The only thing that had allowed him to survive thus far was a little bit of speed and dexterity and a whole lot of luck. If he hadn't run back through that chess set and back again at the first sign of trouble from Quirrel, or run the Basilisk into a knot around that pillar, or run into himself coming and going, or any other number of things, he'd be dead several times over by now.
"If you don't do it, aside from the potentially world-ending paradox, there's the fact that Voldemort will get his hands on a powerful artifact which can cause an incalculable amount of damage nearly a decade before his first defeat." the Unspeakable said, pulling him out of his dark musings on what for him had been something of a seven-year war against Voldemort.
"Fine." Harry sighed, knowing that once again there had been no choice. For him, it was quite possible that the war with Voldemort would never end.
"The world thanks you Harry." the Unspeakable said not unkindly.
"Just let me get ready first. I've got to pack, and I've got a letter which will need to be sent to my friends after I leave to write." Harry said as he scooted out from under the table.
"Why don't you just tell your friends?" the Unspeakable asked.

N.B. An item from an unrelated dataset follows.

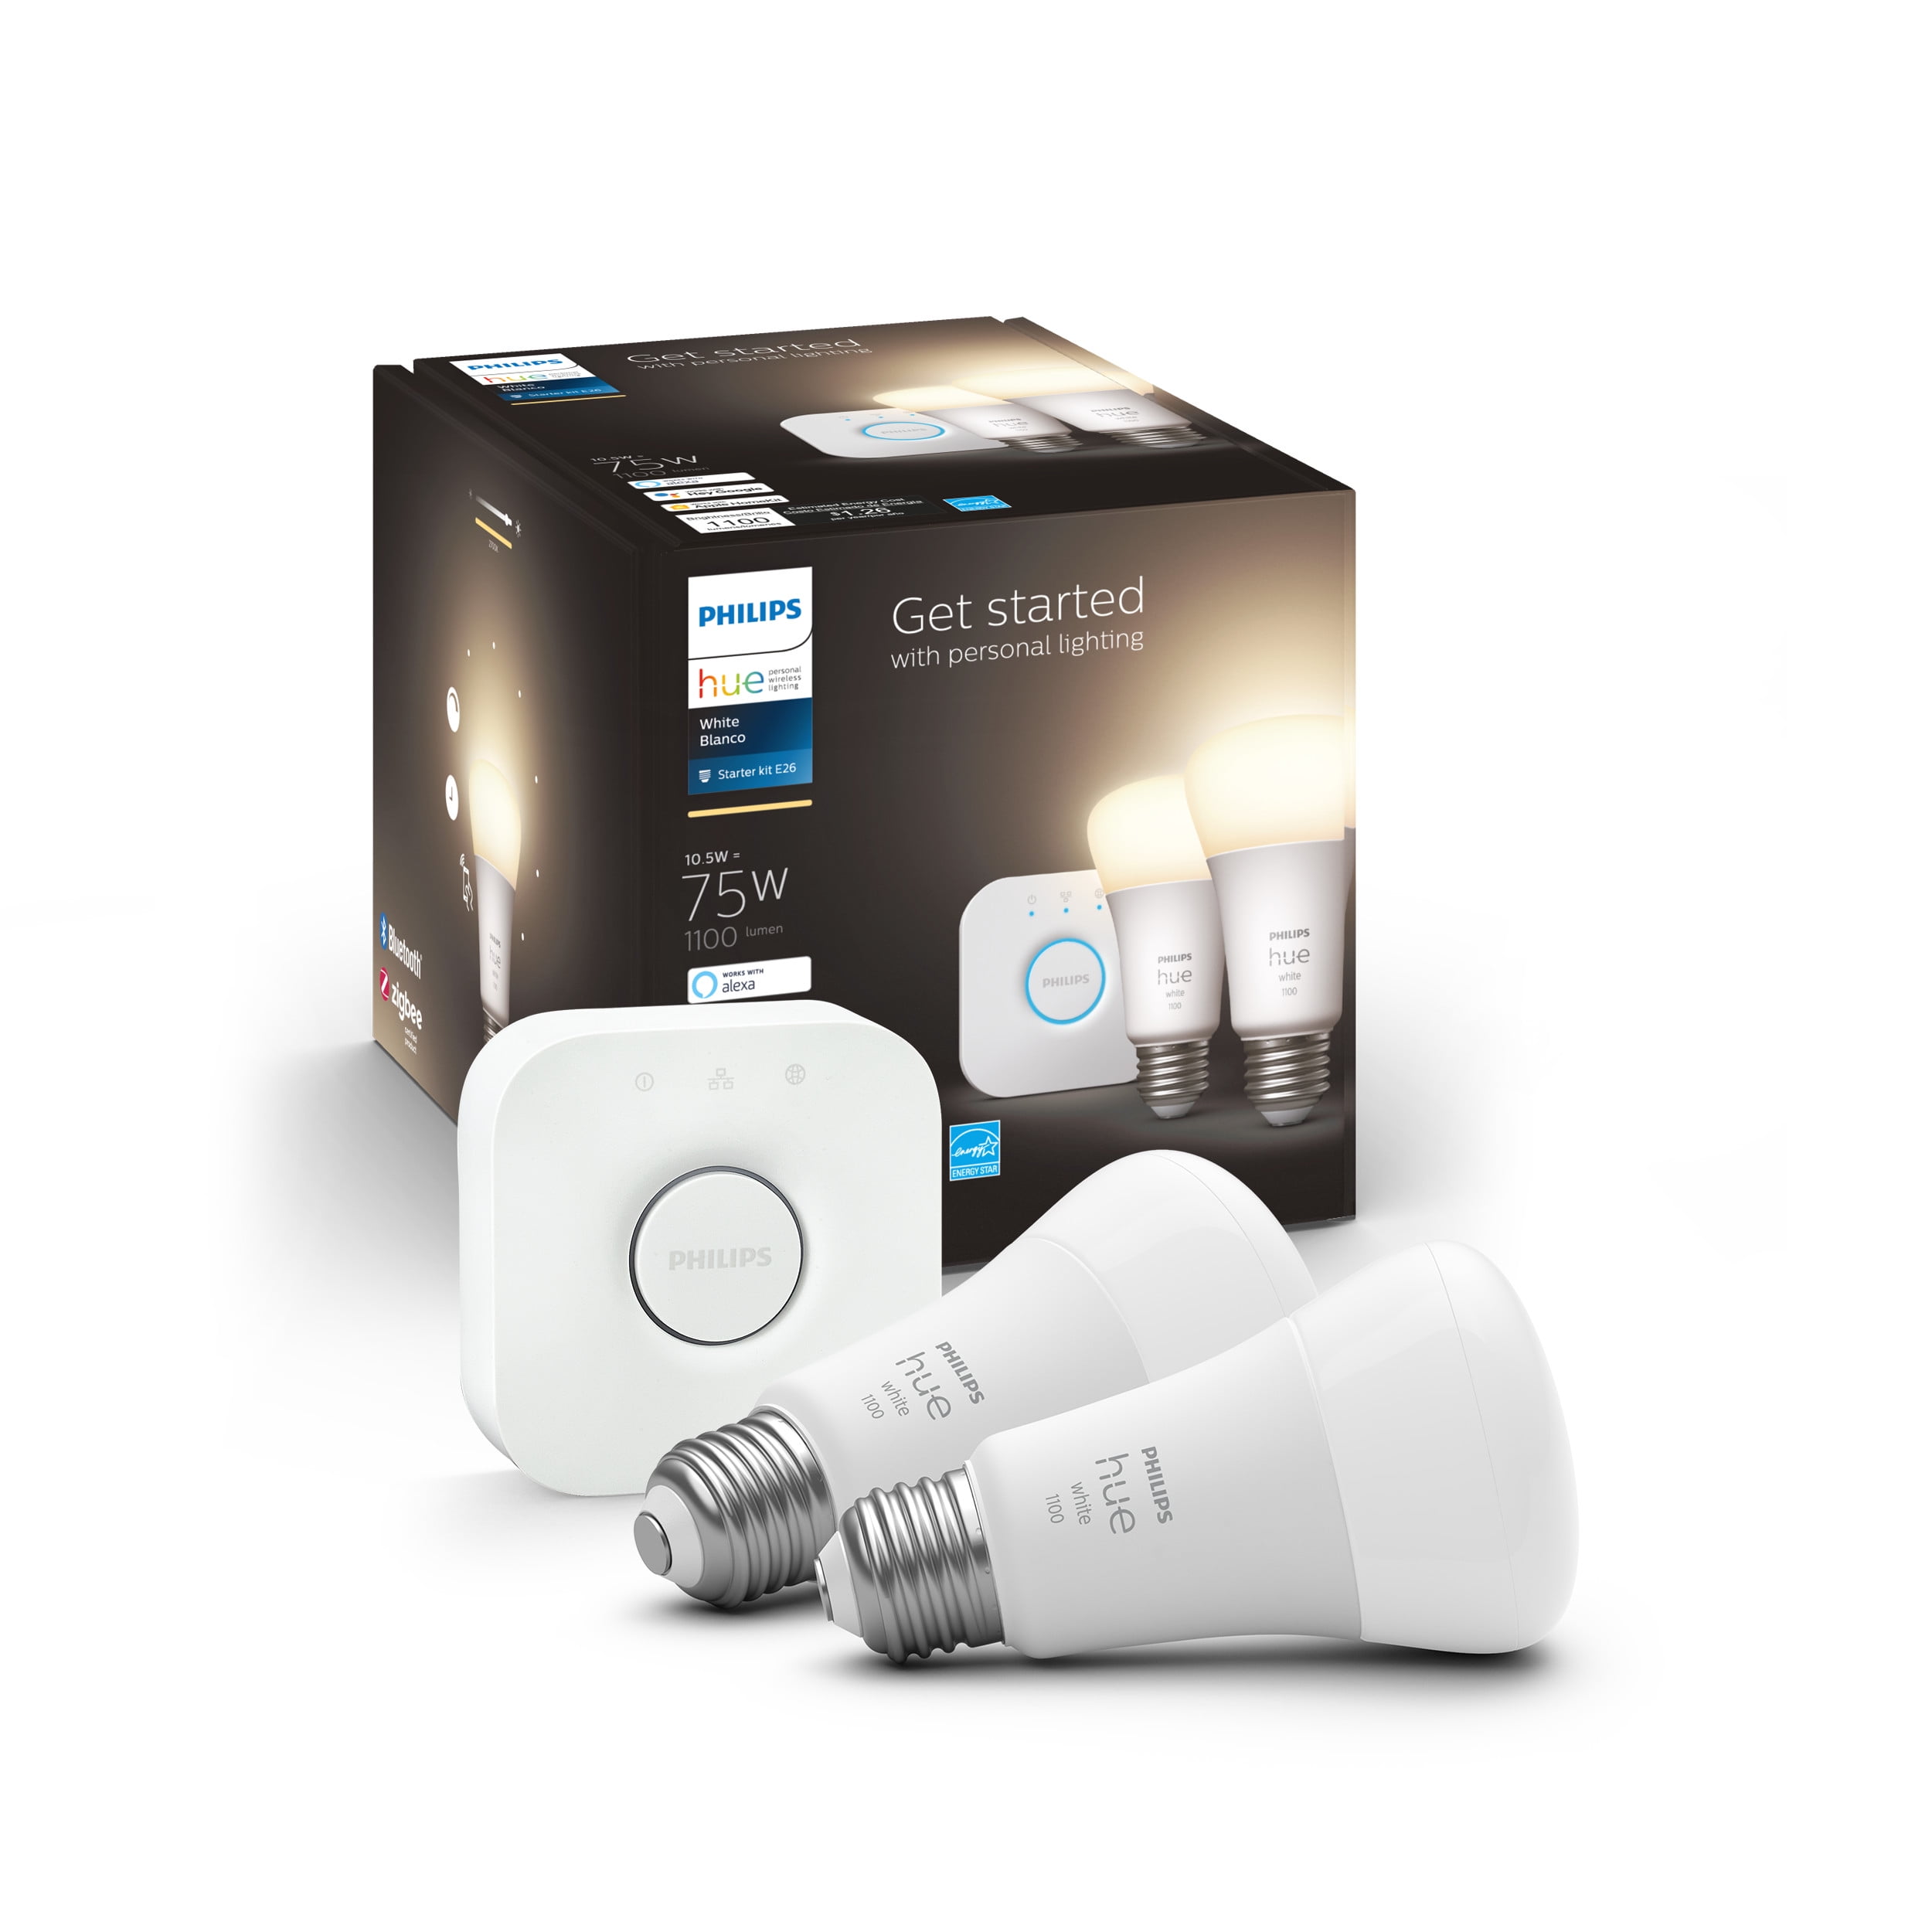 Philips Hue White A19 Bluetooth 75W Smart LED Starter Kit, White

"Because they'd try to go with me if I did." Harry said. "They'd follow me to the very gates of Hell, heck they'd follow me into Hell if I so much as mentioned wanting to bother Voldemort in the afterlife for the fun of it."

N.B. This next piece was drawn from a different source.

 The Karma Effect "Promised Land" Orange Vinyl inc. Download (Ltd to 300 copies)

"I see." the Unspeakable said, sounding rather amused. "Your father tends to gather such friends to him himself."
Scowling at the mention of the man or whatever he was who had broken James Potter's trust, Harry turned towards his room to grab a few things he thought he might need. Even if the Unspeakable hadn't mentioned the world-ending paradox or the possibility of Voldemort winning, he might've gone anyways in order to keep the artifact he was being sent after out of the wrong hands. He'd had that "Saving people thing" since even before he'd been - unknown to himself - adopted by the Doctor. The reason he'd chosen the Harrowgates after all had been because when he'd landed, Wilhelmena who hadn't gotten over the loss of her only son a year earlier had been reaching for a bottle of sleeping pills.
"A meteor rock?!" Harry exclaimed as he stood in a ritual circle in the bowels of the Department of Mysteries two days later while the Unspeakables gave him some last-minute instructions. "I'm looking for a meteor rock?!"